#### [Activity]
Answer with the exact lines of the following material from the one containing "Enhanced Arsenic Contents" through the one containing "Steps in conducting", both end lines included.

(Data extracts begins)

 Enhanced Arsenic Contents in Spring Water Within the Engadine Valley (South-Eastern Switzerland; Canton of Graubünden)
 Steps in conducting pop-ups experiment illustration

(Data extracts ends)
(Data extracts begins)

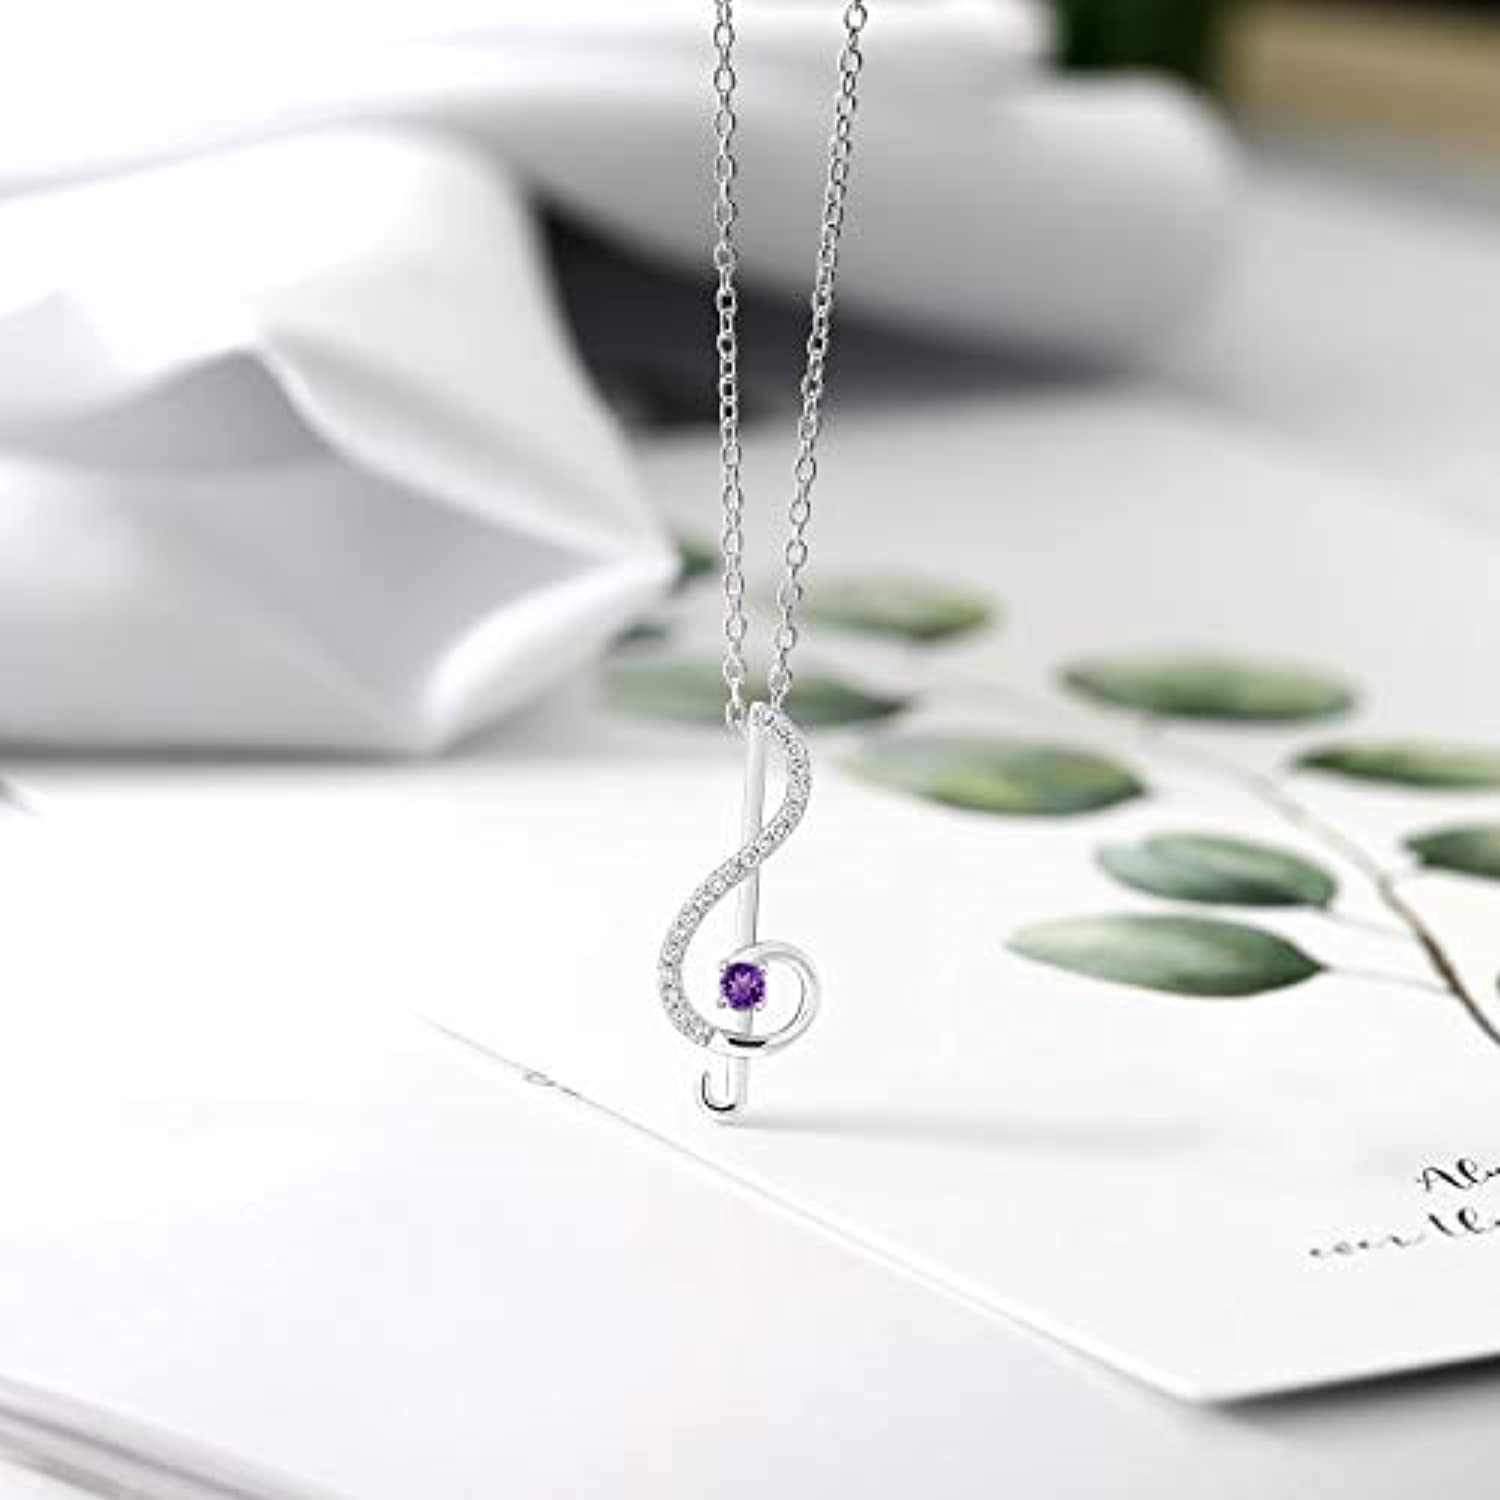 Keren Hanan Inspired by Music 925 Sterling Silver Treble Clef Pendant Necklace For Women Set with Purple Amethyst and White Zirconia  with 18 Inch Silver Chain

(Data extracts ends)
(Data extracts begins)

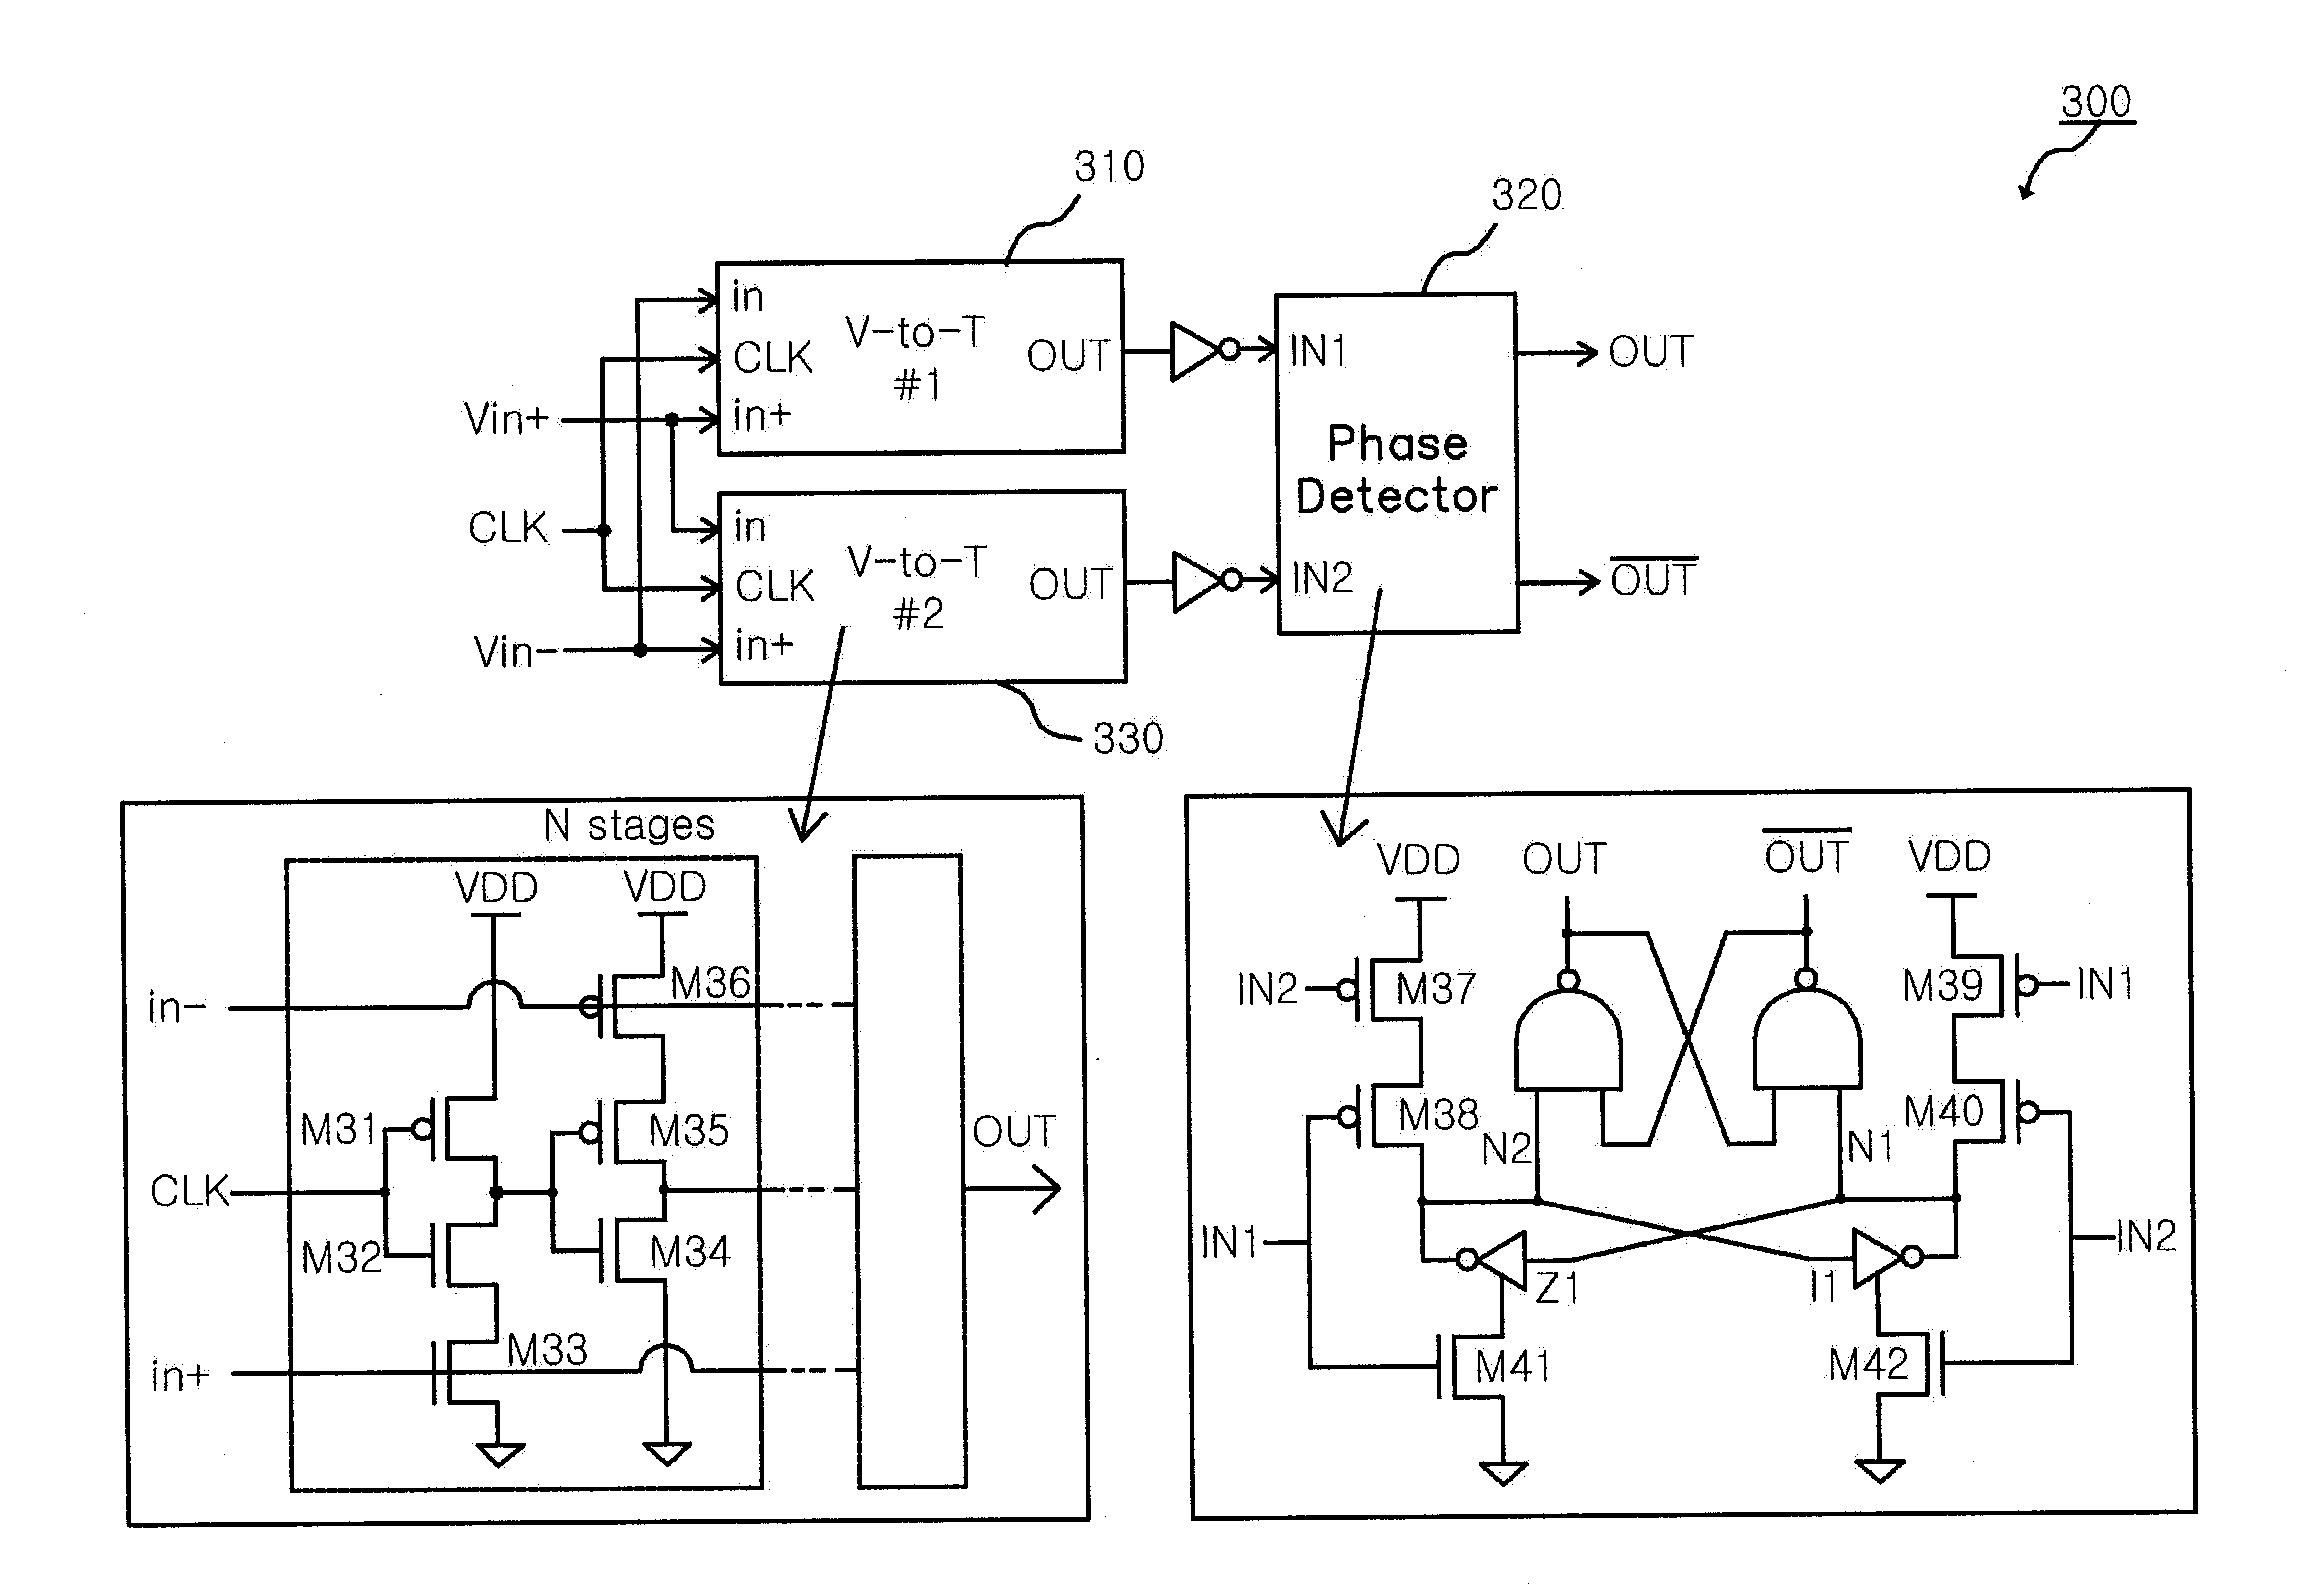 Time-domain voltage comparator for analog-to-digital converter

(Data extracts ends)

#### [Answer area]
 Enhanced Arsenic Contents in Spring Water Within the Engadine Valley (South-Eastern Switzerland; Canton of Graubünden)
 Steps in conducting pop-ups experiment illustration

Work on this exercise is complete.